GOAL OF THE EXERCISE: Your task is to transcribe, word for word, the line containing "Free Printable Christmas" and all lines that follow it to the end of the entries. Leave out the pictures.

DATA EXCERPTS:
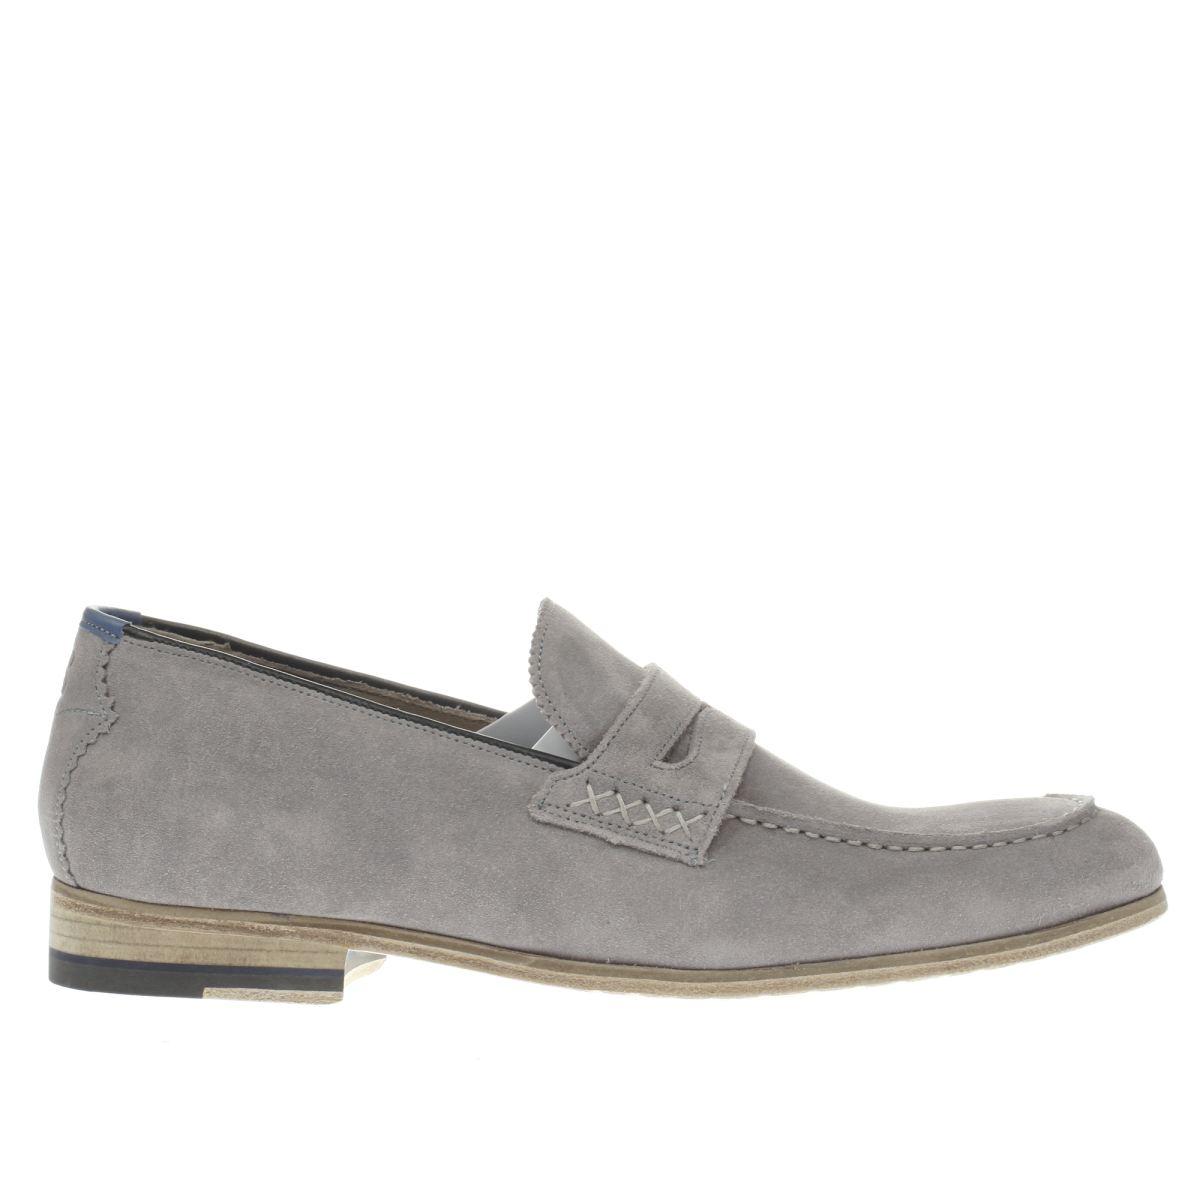 Oliver Sweeney Oliver Sweeney Grey Ashdown Shoes
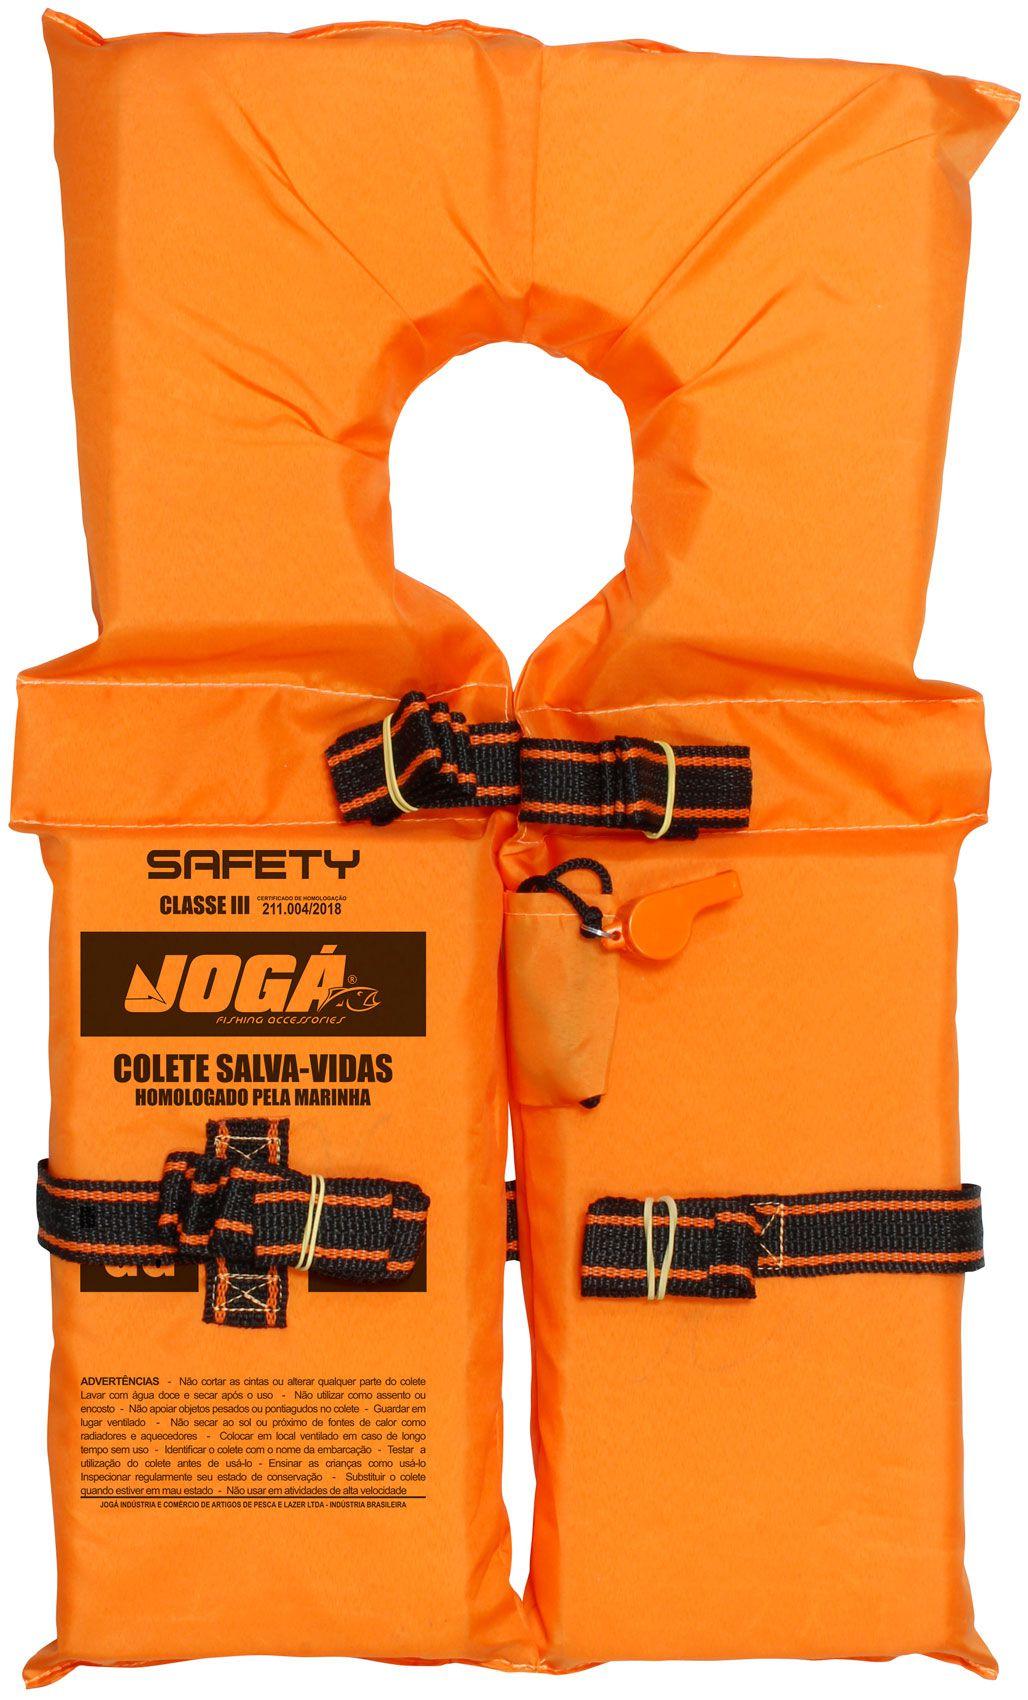 Colete Salva Vidas Jogá Classe 3 Safety Laranja - PP
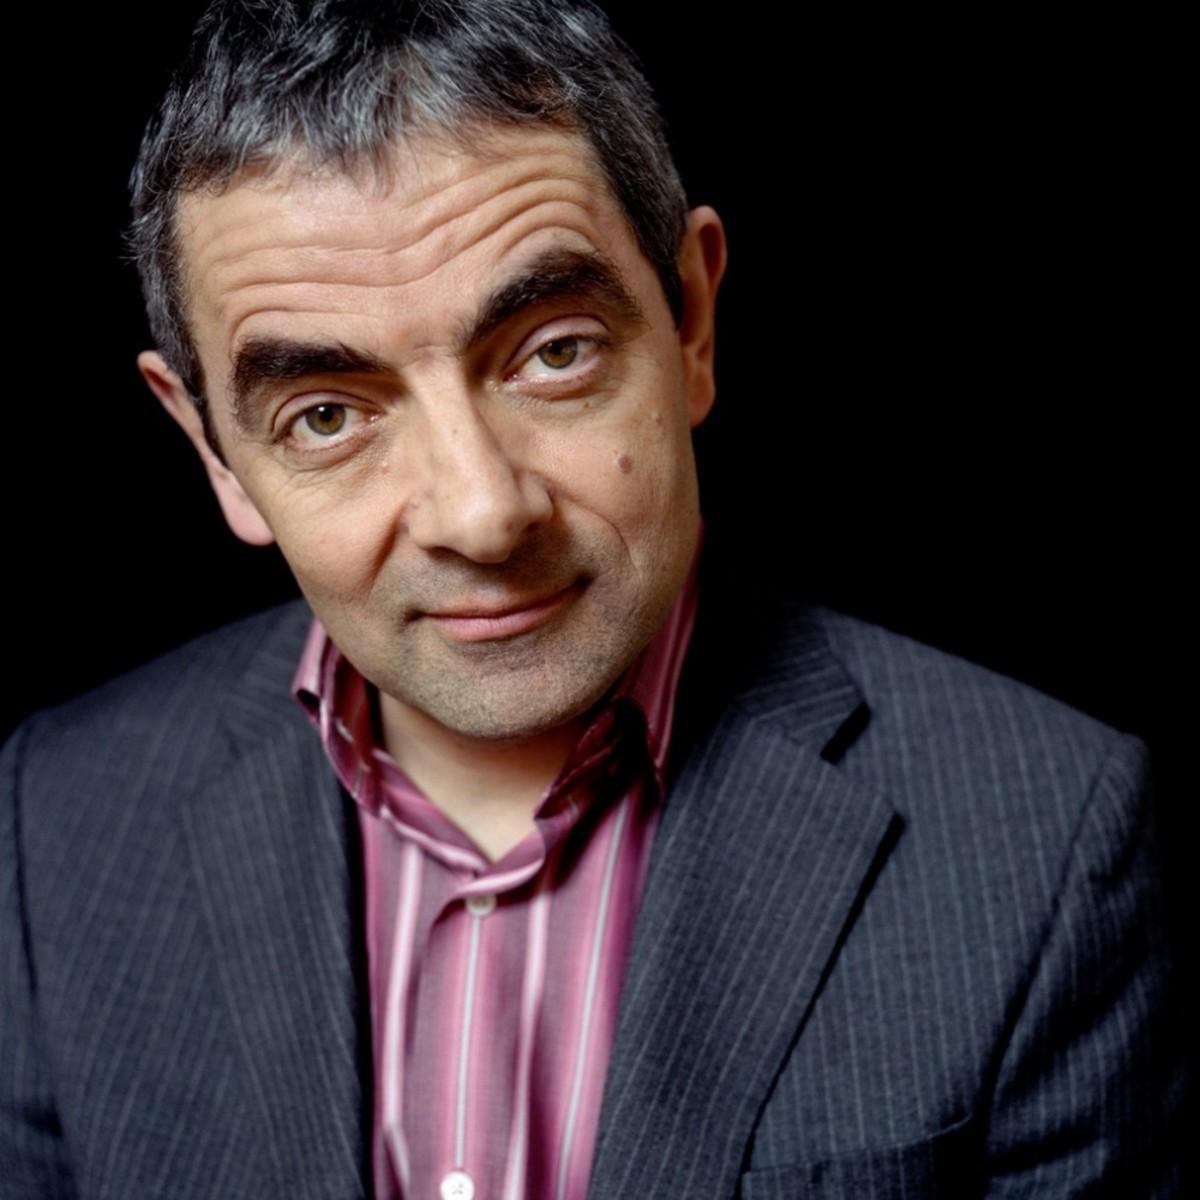 The Real Rowan Atkinson
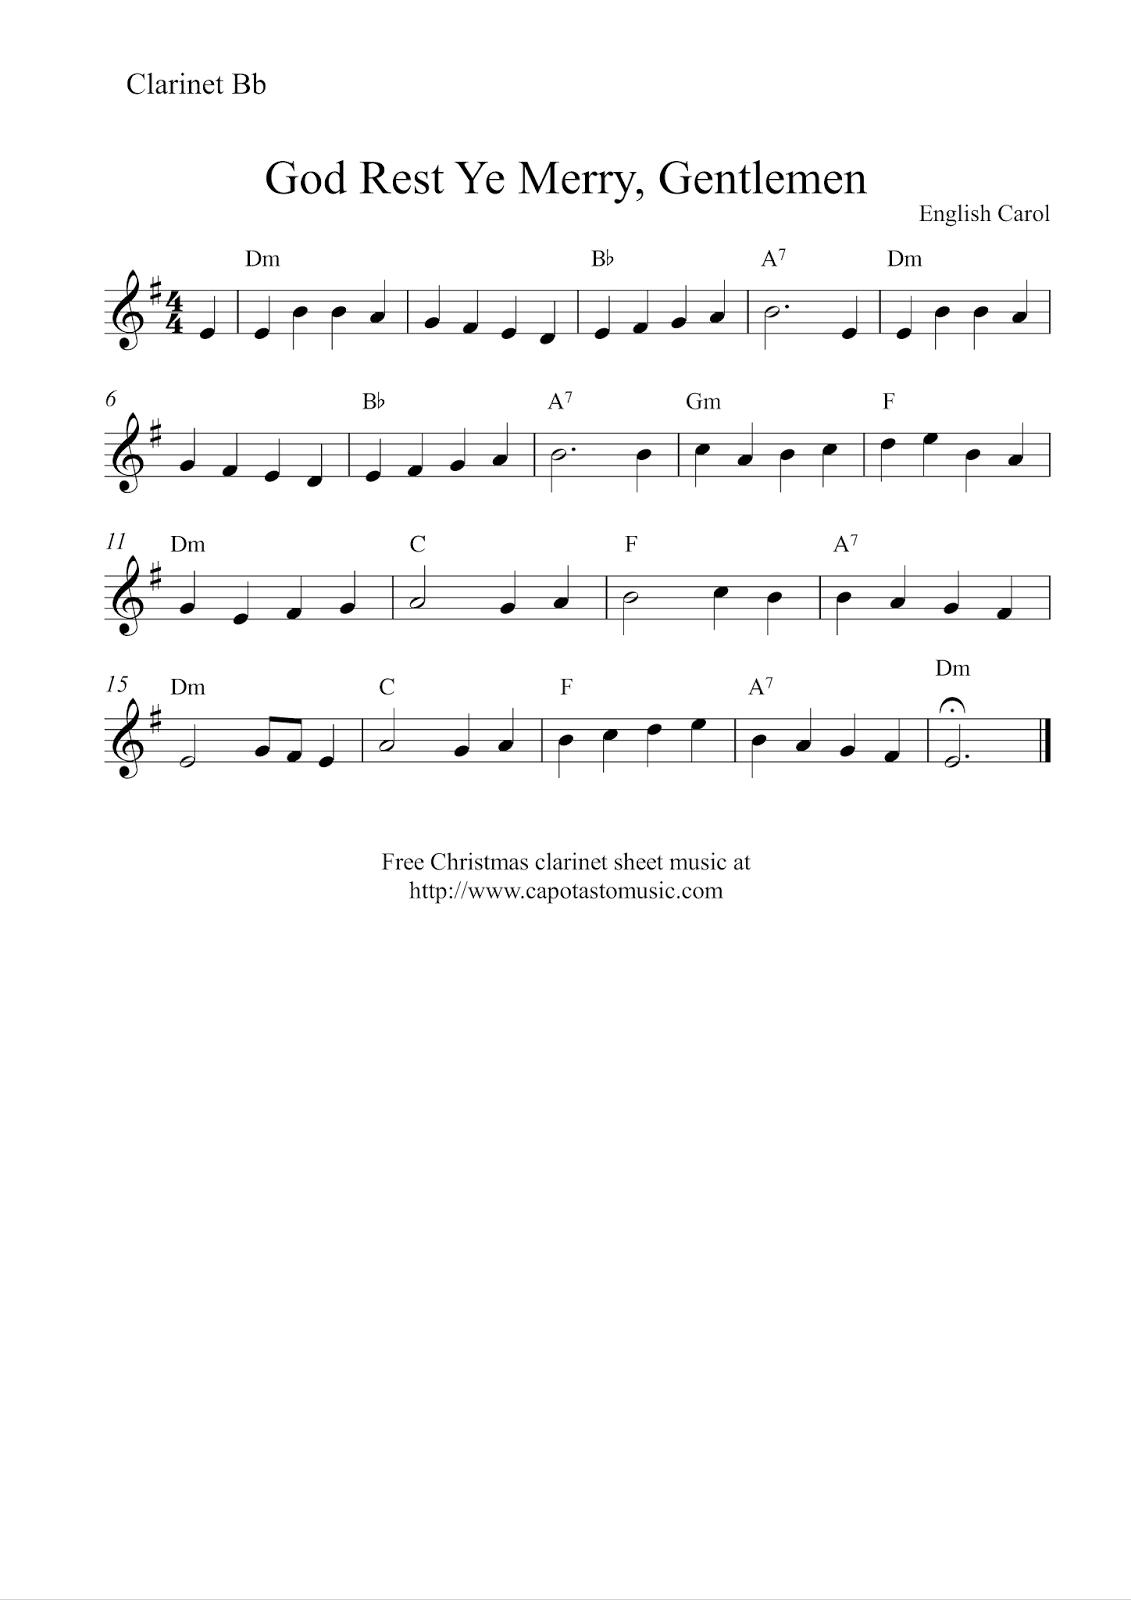 Free Printable Christmas Sheet Music For Clarinet
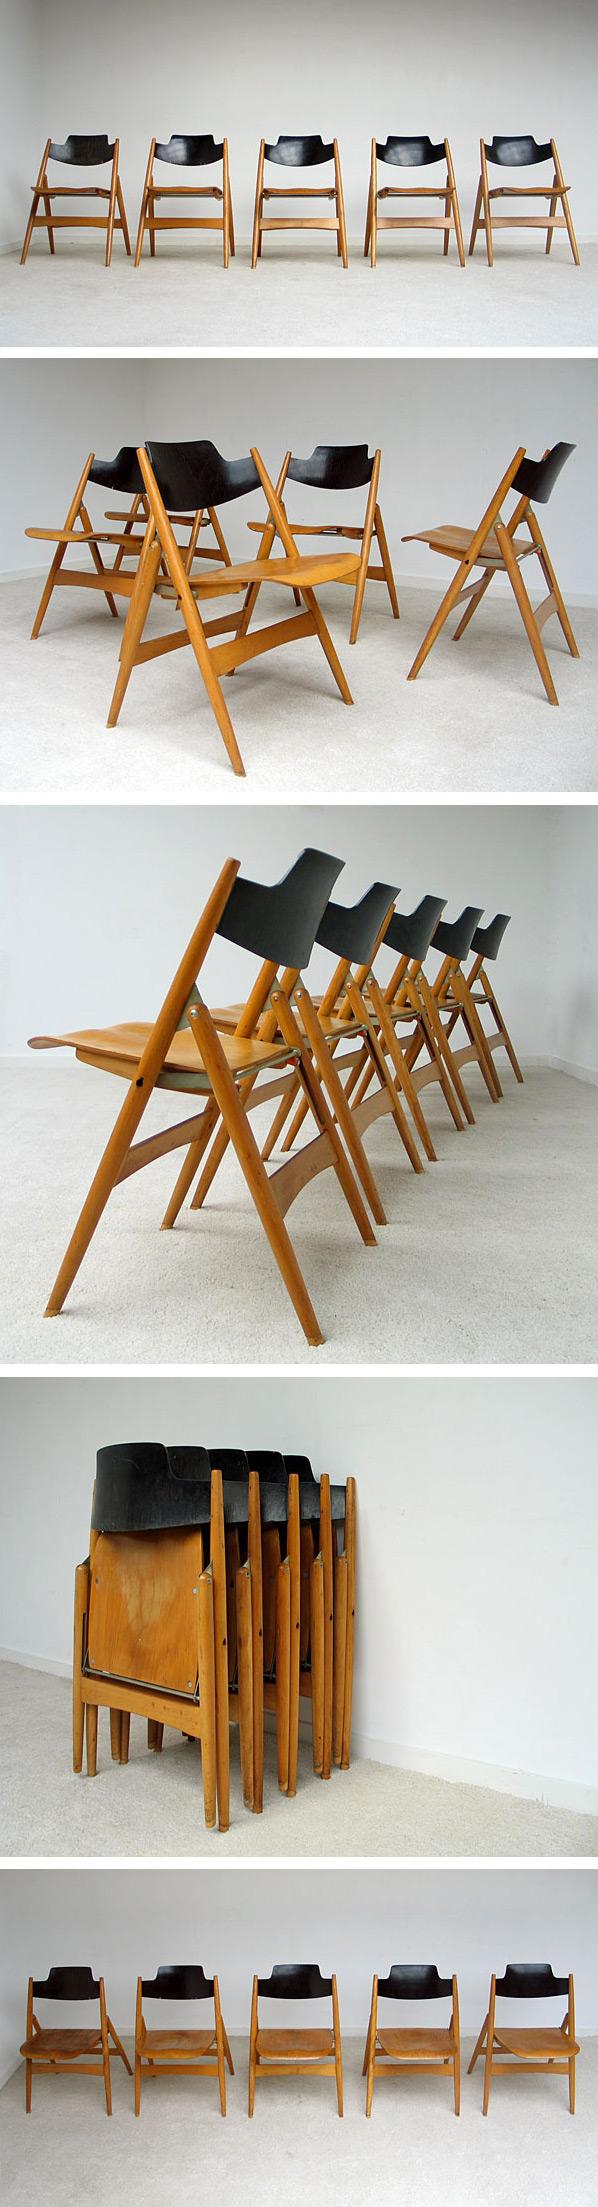 5 Folding chairs Model SE 18 Egon Eiermann Large

RESPONSE AREA:
 Free Printable Christmas Sheet Music For Clarinet
 5 Folding chairs Model SE 18 Egon Eiermann Large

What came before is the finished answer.